Lespagnard est donc aussi un peu Jaguar?

"Oui, je roule en Jaguar. Et votre question est amusante car je porte justement aujourd'hui un pull avec une Jaguar. (en riant)"

Vous avez travaillé avec Eastpak, Jaguar, et maintenant aussi Galler. Y a-t-il encore de grandes maisons sur votre wishlist?

"Oui, mais je ne peux pas en parler pour l'instant. De nouvelles choses se préparent. La collaboration avec Galler dure depuis une année déjà. Il y aura aussi une édition de Noël."

Ambitionnez-vous de remplacer Raf Simons chez Dior?

"Non, cette maison est trop grande. Il y a tellement de marques qui me contactent. Mais je peux me permettre le luxe de refuser. Si le projet m'intéresse et me motive, je suis très désireux de collaborer. Mais s'ils veulent seulement mon nom sur une boîte sans création, alors je ne le fais pas. Mon core business, c'est la mode, s'ils demandent ma collaboration, cela doit m'inspirer et m'exciter au niveau créatif."

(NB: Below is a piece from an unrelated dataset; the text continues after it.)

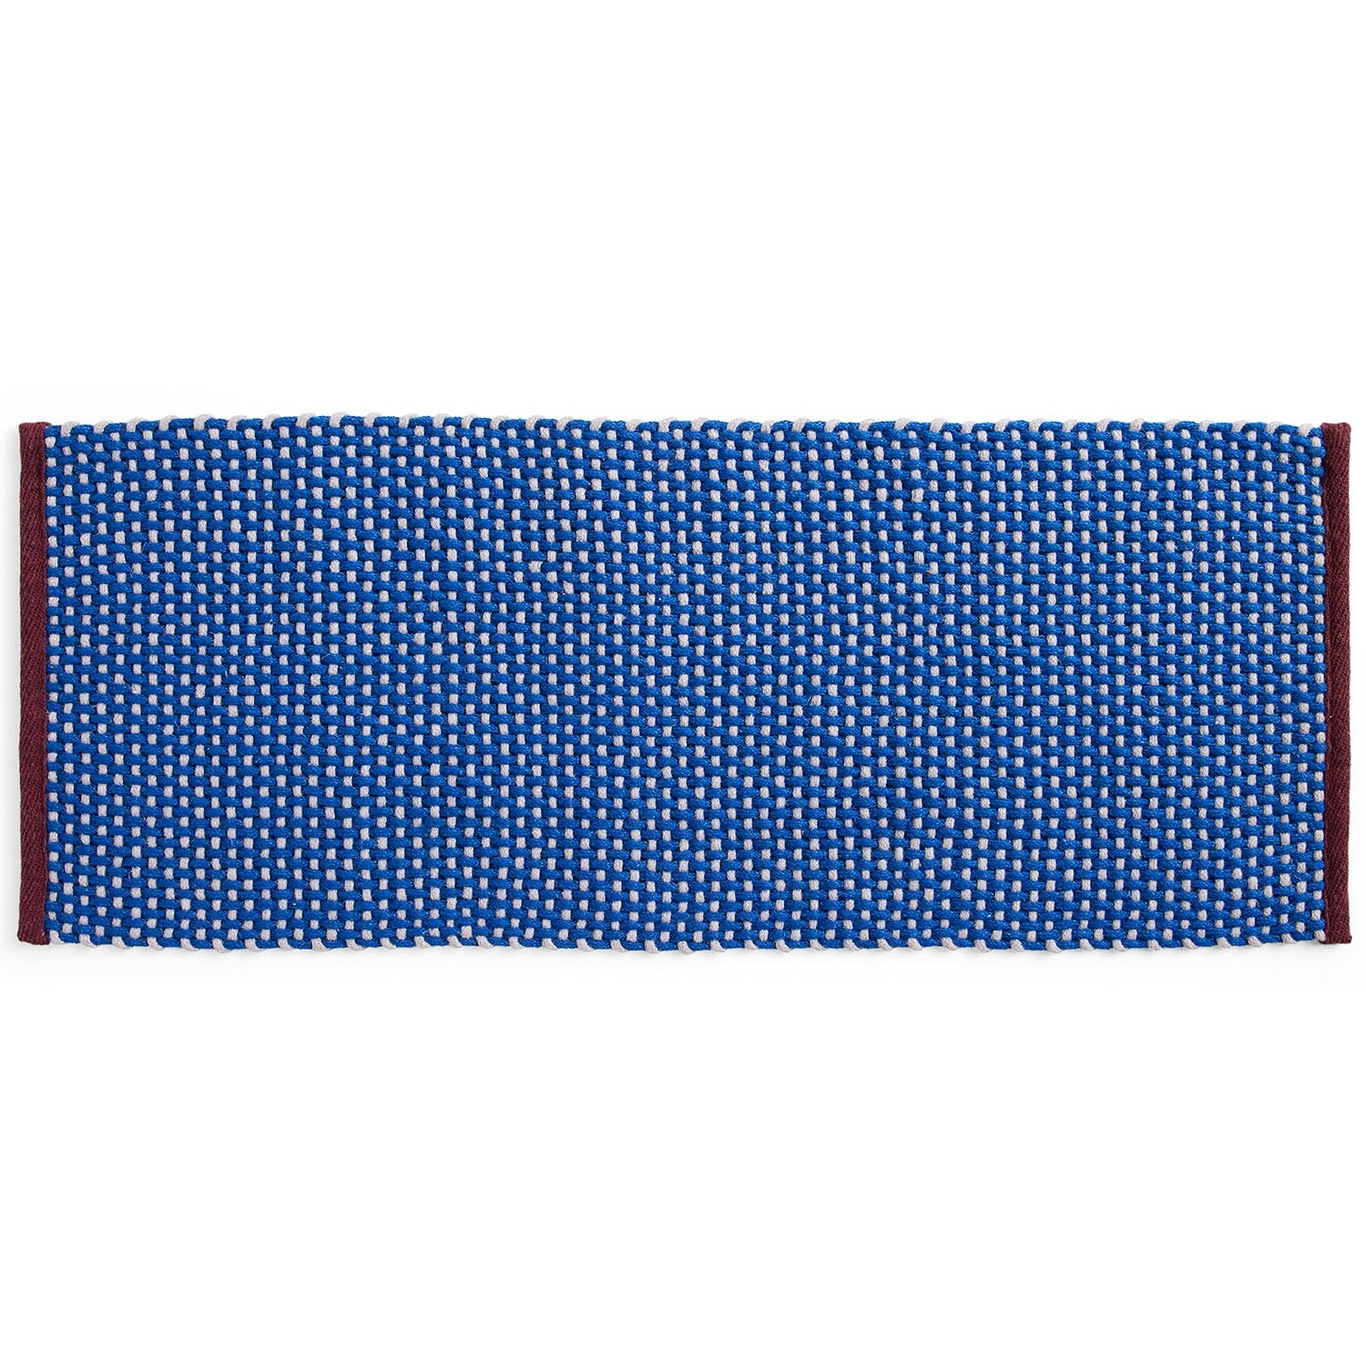 Ovimatto Pitkä 50x125 cm, Royal Blue

Mais l'étranger vous fait de l'œil?

"Nous travaillons à une expansion internationale. Ce n'est encore que le début."

Et votre nom se vend facilement?

"Je pense que Ann Demeulemeester est plus difficile à prononcer que Lespagnard. (en riant)"

Qui est Jean-Paul Lespagnard?

Le créateur belge Jean-Paul Lespagnard (1979) est un ex-gogo-danseur, amateur de tatouages et de culture de masse. Quand il a présenté sa première collection en 2011, la journaliste de mode Suzy Menkes l'a encensé dans le NY Times pour ses «coupes exceptionnellement intelligentes, ses vêtements transformables et ses imprimés intrigants». Depuis, il a raflé plusieurs prix dans le secteur de la mode et de grands labels lui ont demandé de collaborer.